There is no testimony from plaintiff, her superior or any other witness that states that plaintiff had any supervisory authority over the parking lot as a result of her employment and was thus involved with duties created by her job at the time she was injured. The proof most favorable to plaintiff on that matter is the testimony of plaintiff: “There’s a possibility that I would have thought that anything in the office would have been mine to have taken care of.”

As previously stated, there were at least three other unrelated offices whose employees and clients used the parking lot. The witness, Mrs. Riddick, who was also blocked in by the Coca Cola truck and who observed and heard a portion of the altercation between plaintiff and Lewis, was visiting the unemployment office. Lewis was visiting a CETA office. Plaintiff testified that it was nothing unusual for people to get blocked in on the parking lot. Ms. Jelks, a fellow worker with plaintiff testified, “[wje’ve all been blocked in many times. Not only our people but other people that came back in there to other buildings were blocked in. I mean, it was no big thing to get blocked in, and I’ve been there since we moved up there; but nobody else ever acted like that. Sometimes we’d have to park on the front ourselves and walk around there because we couldn’t get in due to the cars.” We think from this evidence the trial court could very well determine that plaintiff did not have supervisory authority over the parking lot and was not involved with duties created by her job.

The liberal construction rule applying to worker’s compensation cases is not broad enough to supply proof where none exists.

The proof indicates that the Coca Cola truck was on the common parking lot for the purpose of servicing a drink machine that was owned by the plaintiff personally and was used not only by the employees in the employer’s office, but employees in other offices and by individuals and groups not connected with any of the offices. The employer provided supplies for the offices but did not supply a drink machine. The fact that the plaintiff, on her own, used profits from the machine to buy things that she considered beneficial to the office does not increase her authority over the parking lot, or make the location of the delivery truck incidental to her employment.

We are of the opinion that the trial court could properly find that any injuries suffered by plaintiff did not occur while the employee was rendering service which she was hired to do to her employer and, therefore, was not in the course of the employment. We therefore affirm on this issue.

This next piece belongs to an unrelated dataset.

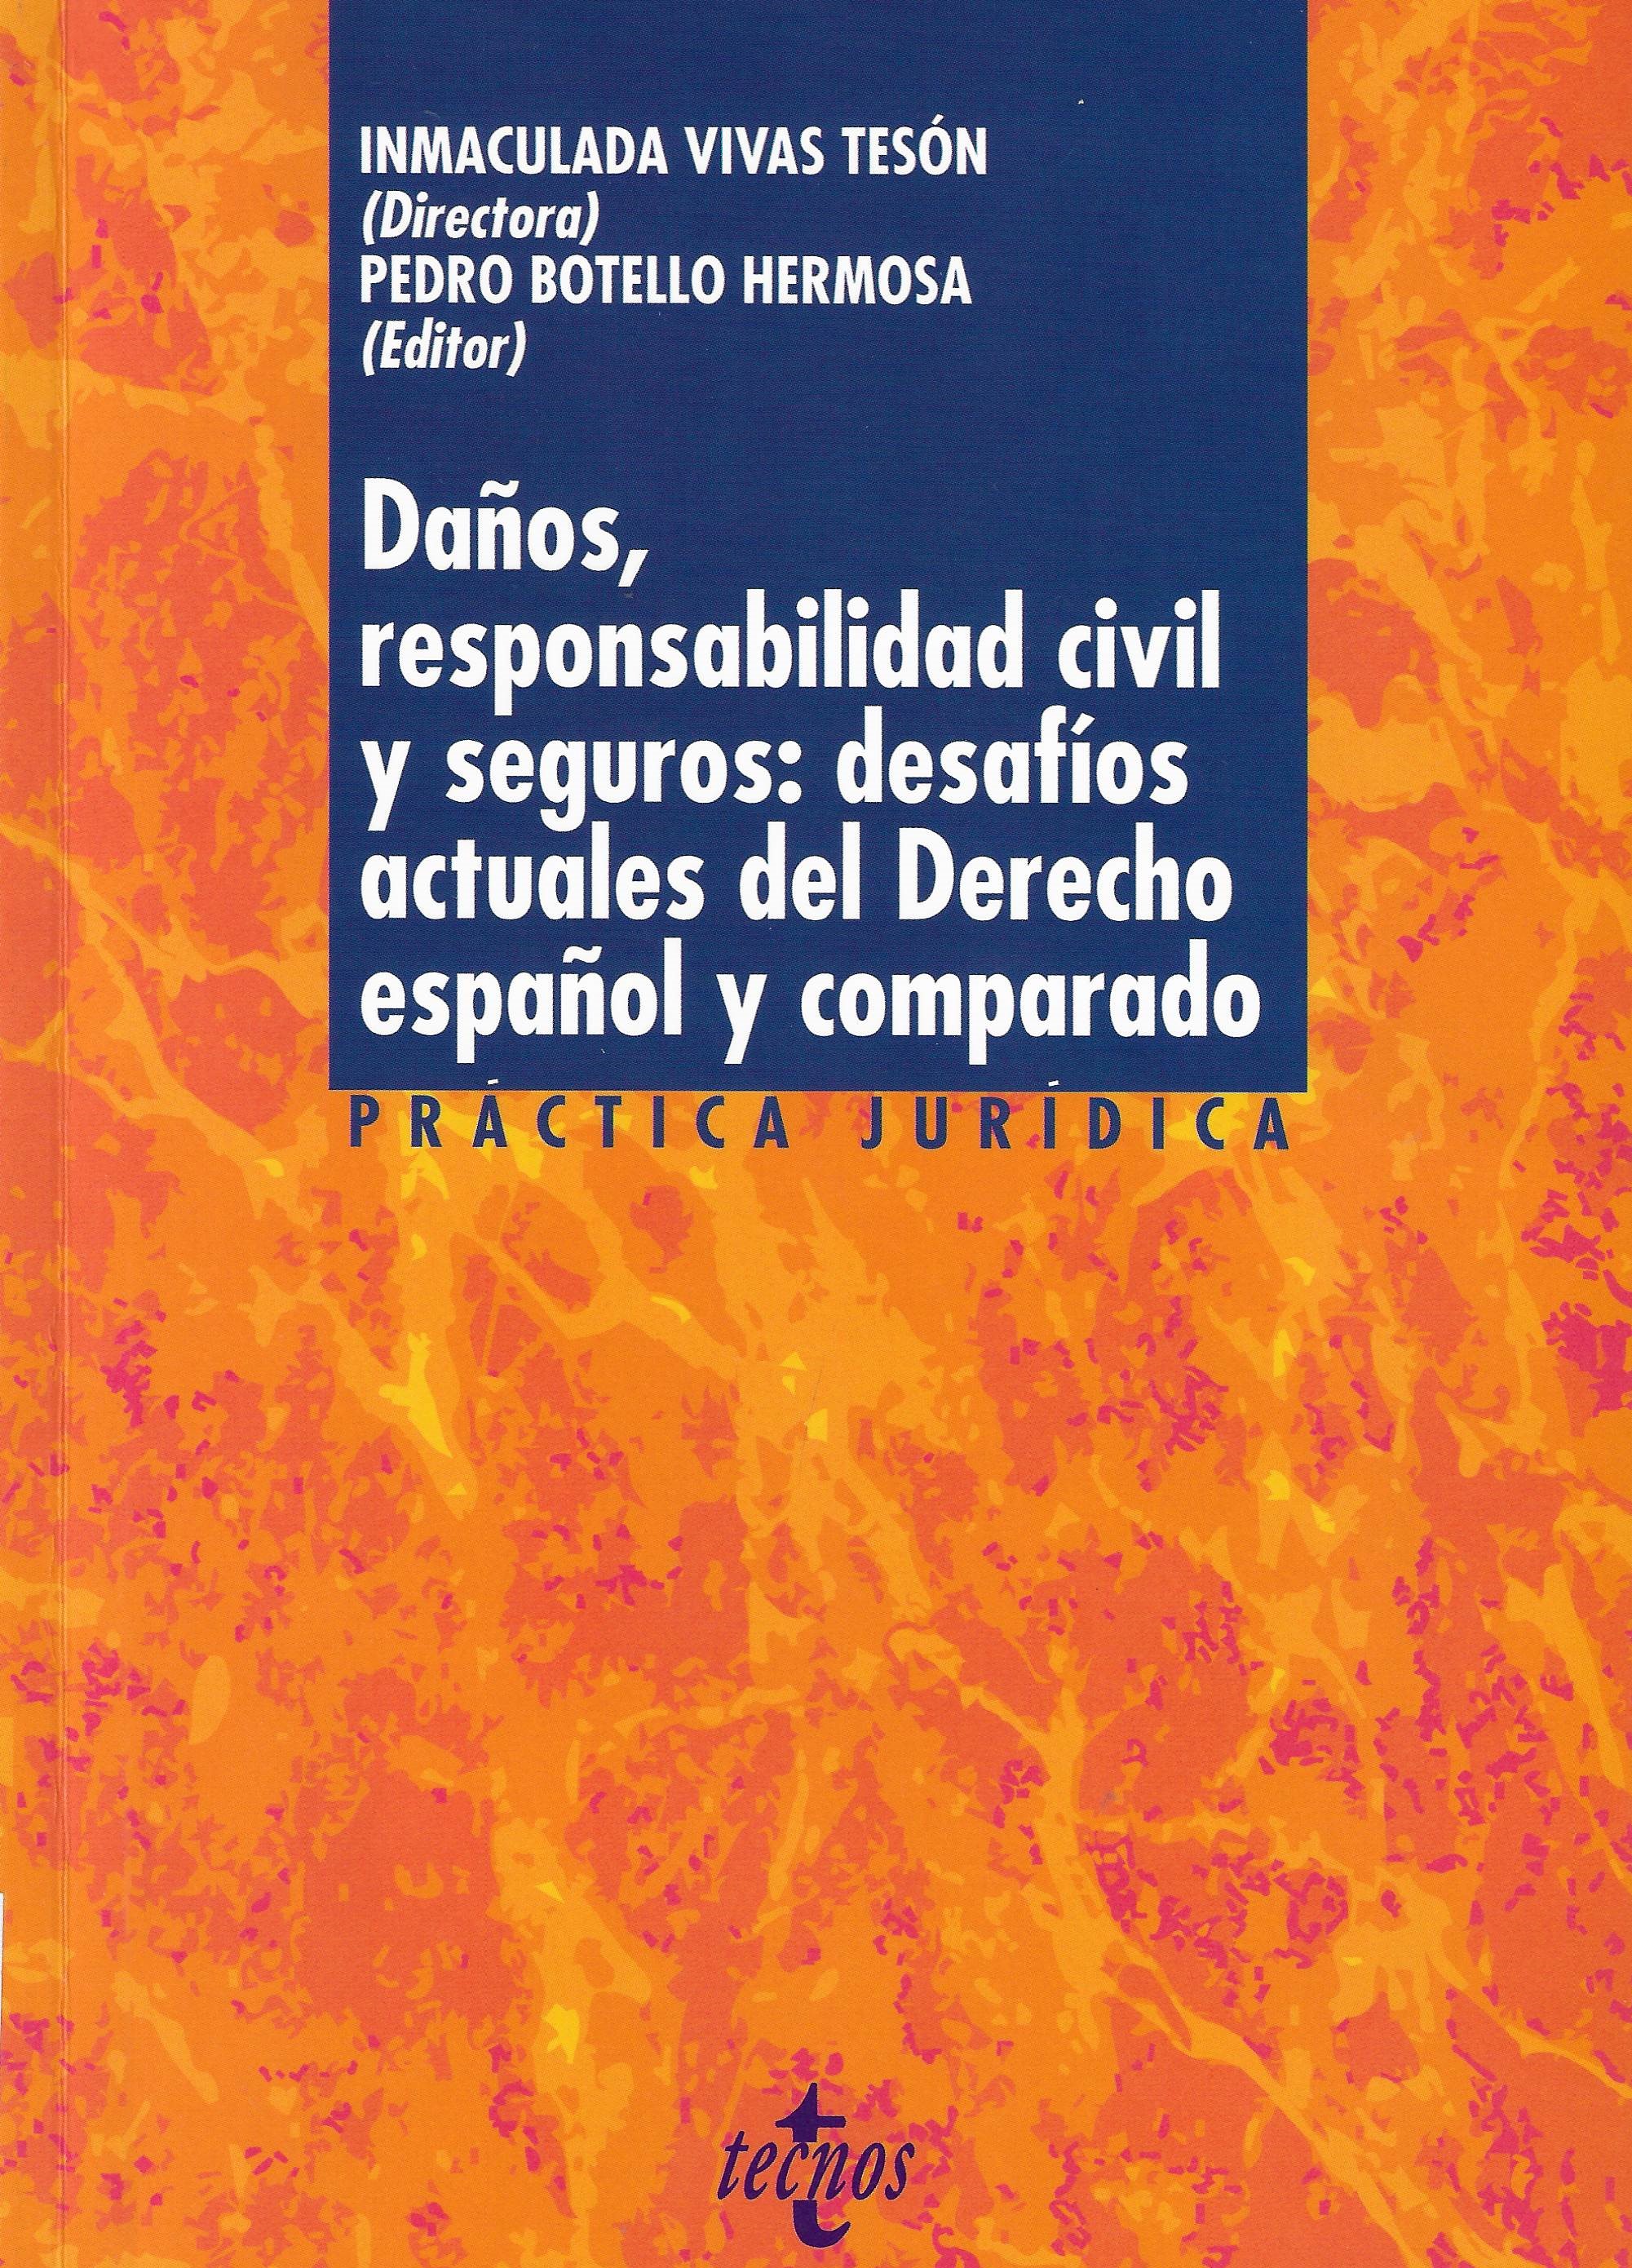 Imagen de portada del libro Daños, responsabilidad civil y seguros
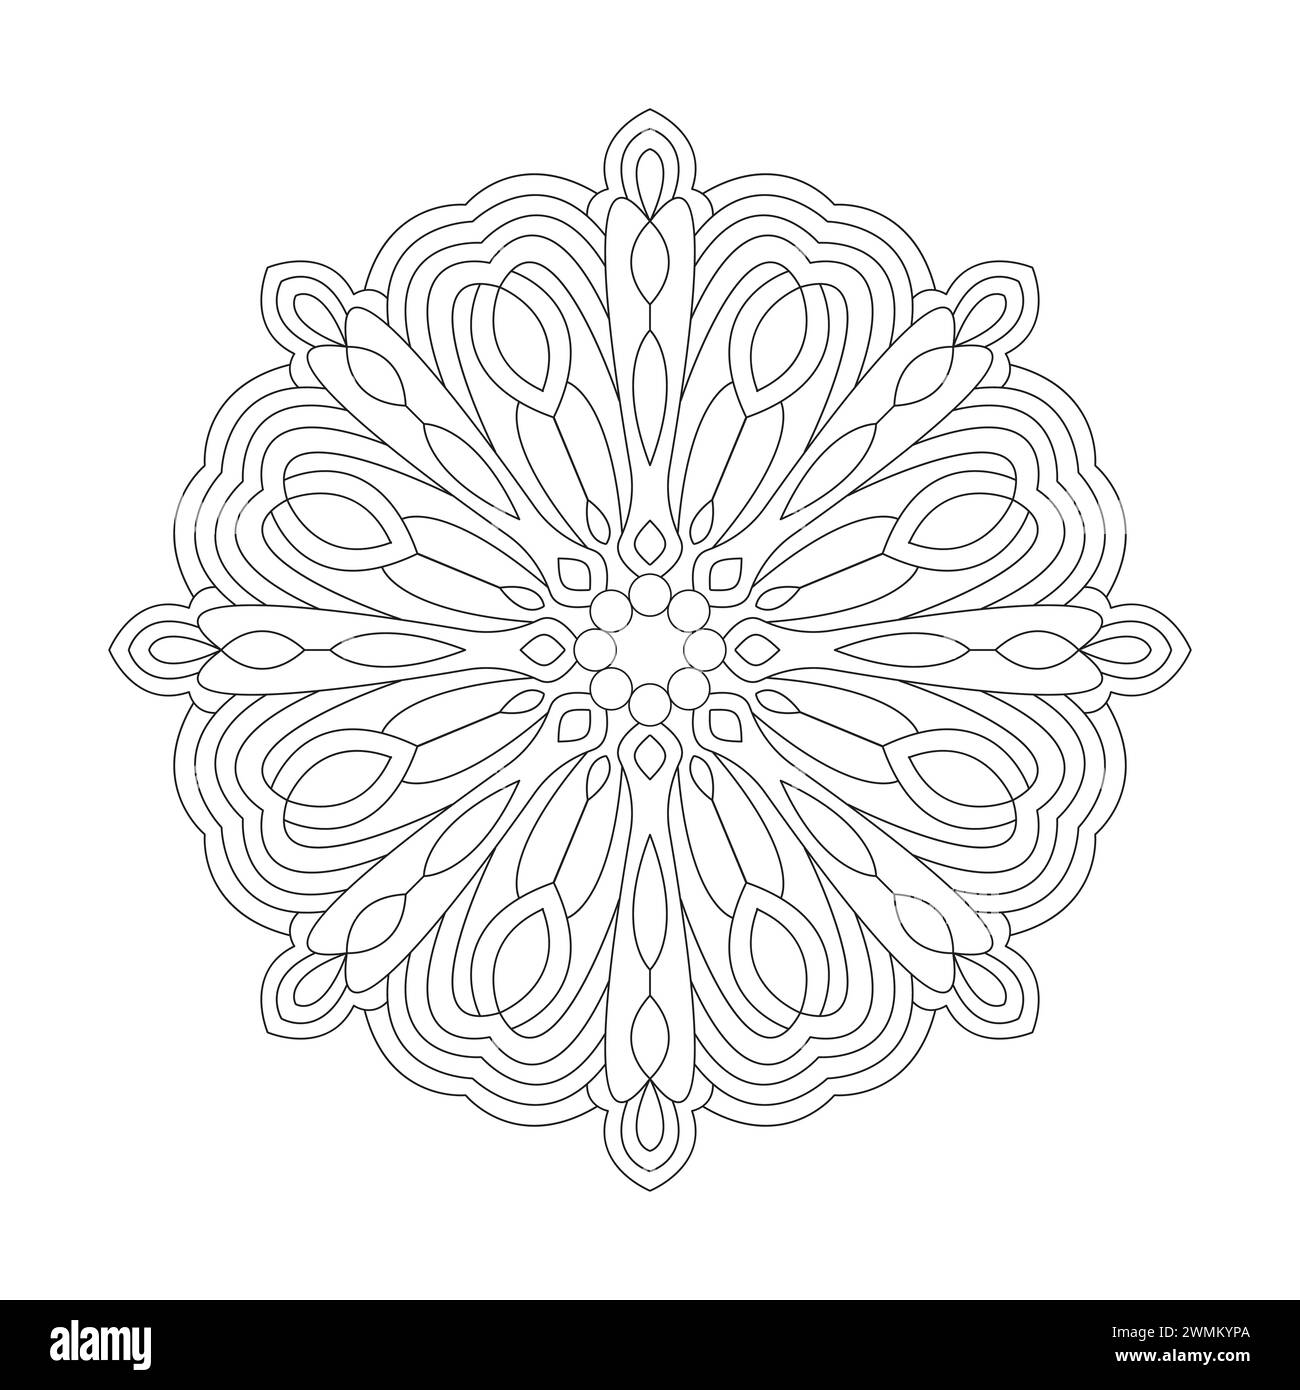 Simplicité Mindfulness Mandala Coloring Book page pour l'intérieur du livre kdp. Pétales paisibles, capacité à se détendre, expériences cérébrales, Haven harmonieux, paix Illustration de Vecteur

Having affirmed the trial court’s finding on the foregoing issue, it is unnecessary to discuss the issue of willful misconduct.

We are of the opinion that appellee’s motion for damages for frivolous appeal should be overruled, and we do not deem the appeal to be frivolous.

The costs are taxed against plaintiff-appellant, Helen Legions, for which let execution issue, if necessary.

BROCK, C.J., and FONES, COOPER and HARBISON, JJ., concur.